Flavia Bianchi präsentierte DROMYTAL, ein ebenfalls vom Europäischen Fonds für regionale Entwicklung (EFRE 2014–2020, „Investitionen in Wachstum und Beschäftigung“) finanziertes Forschungsprojekt, welches 2016 vom Versuchszentrum Laimburg in Zusammenarbeit mit der Freien Universität Bozen gestartet wurde. Ziel des Projekts ist es, eine innovative Bekämpfungsmethode gegen die invasive Kirschessigfliege Drosophila suzukii zu entwickeln. Es geht darum eine Falle mit einem Hefelockstoff zu entwickeln, dem ein geeignetes Insektizid zugesetzt wird. Die Chemiker des Versuchszentrums Laimburg ergründen, welche in den Hefen enthaltenen Moleküle für die Kirschessigfliege am attraktivsten sind.

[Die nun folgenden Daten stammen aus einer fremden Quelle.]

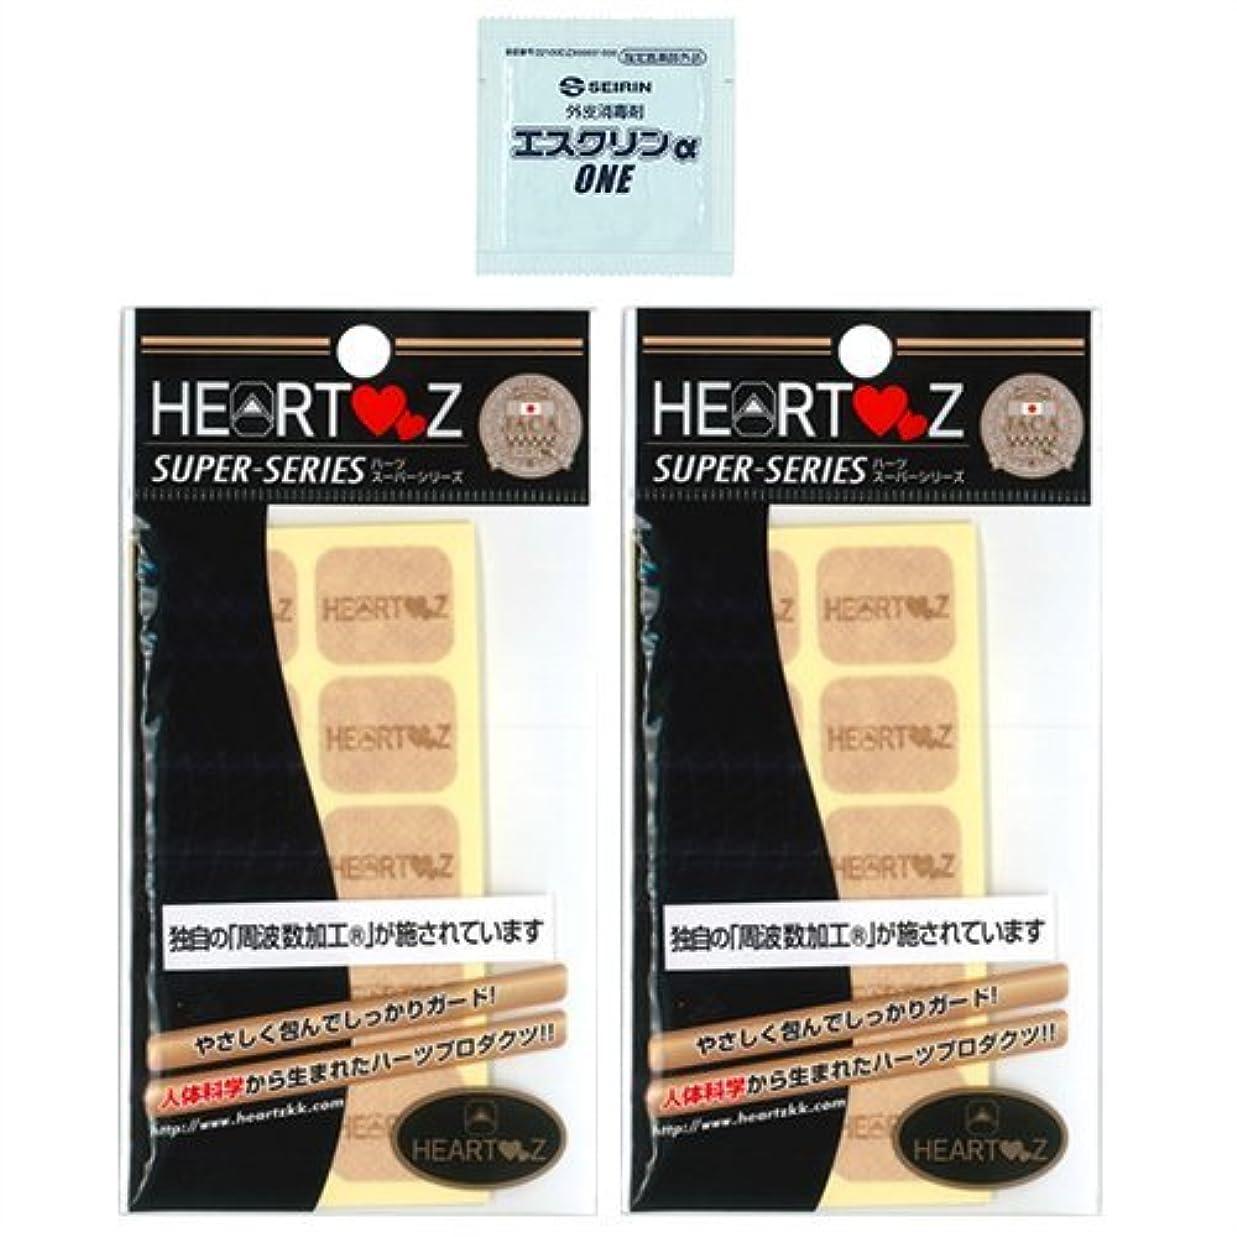 強調するもう一度戦略【HEARTZ(ハーツ)】ハーツスーパーシール レギュラータイプ 80枚入×2個セット (計160枚) + エスクリンαONEx1個 セット

Darüber hinaus ist das Versuchszentrum Laimburg am Forschungsverbund des EUREGIO-Projekts Environment, Food and Health beteiligt, an welchem die Forscherinnen des Labors für Aromen und Metaboliten Giulia Chitarrini und Adriana Teresa Ceci arbeiten. Ziel des Projekts ist es, die chemische Zusammensetzung von Pflanzenteilen lokaler Lebensmittelprodukte zu charakterisieren, um deren ernährungsphysiologische Eigenschaften zu ermitteln und gleichzeitig ihre positiven und therapeutischen Auswirkungen auf die menschliche Gesundheit zu bewerten.

 

Das Labor für Aromen und Metaboliten des Versuchszentrums Laimburg

Das Labor für Aromen und Metaboliten des Versuchszentrums Laimburg ist seit Juli 2018 am NOI Techpark in Bozen Süd angesiedelt. Unter der Leitung von Peter Robatscher forschen dort derzeit zehn Experten in den Bereichen Lebensmittelqualität und Pflanzengesundheit. Im Labor werden natürlich vorkommende Inhaltsstoffe in landwirtschaftlichen Produkten (Äpfel, Apfelsaft, Trauben, Weine, Käse, Milch) sowie in Bestandteilen von Pflanzen (Blätter, Wurzeln, Holz) identifiziert und quantifiziert. Das Labor verfügt über modernste Laborinstrumente wie hochauflösende Massenspektrometer und ist damit auf dem neuesten Stand der Technik. Die Untersuchungen des Labors finden meist innerhalb von Drittmittelprojekten statt, aber auch in Zusammenarbeit mit anderen Arbeitsgruppen des Versuchszentrums oder mit nationalen oder internationalen Partnern.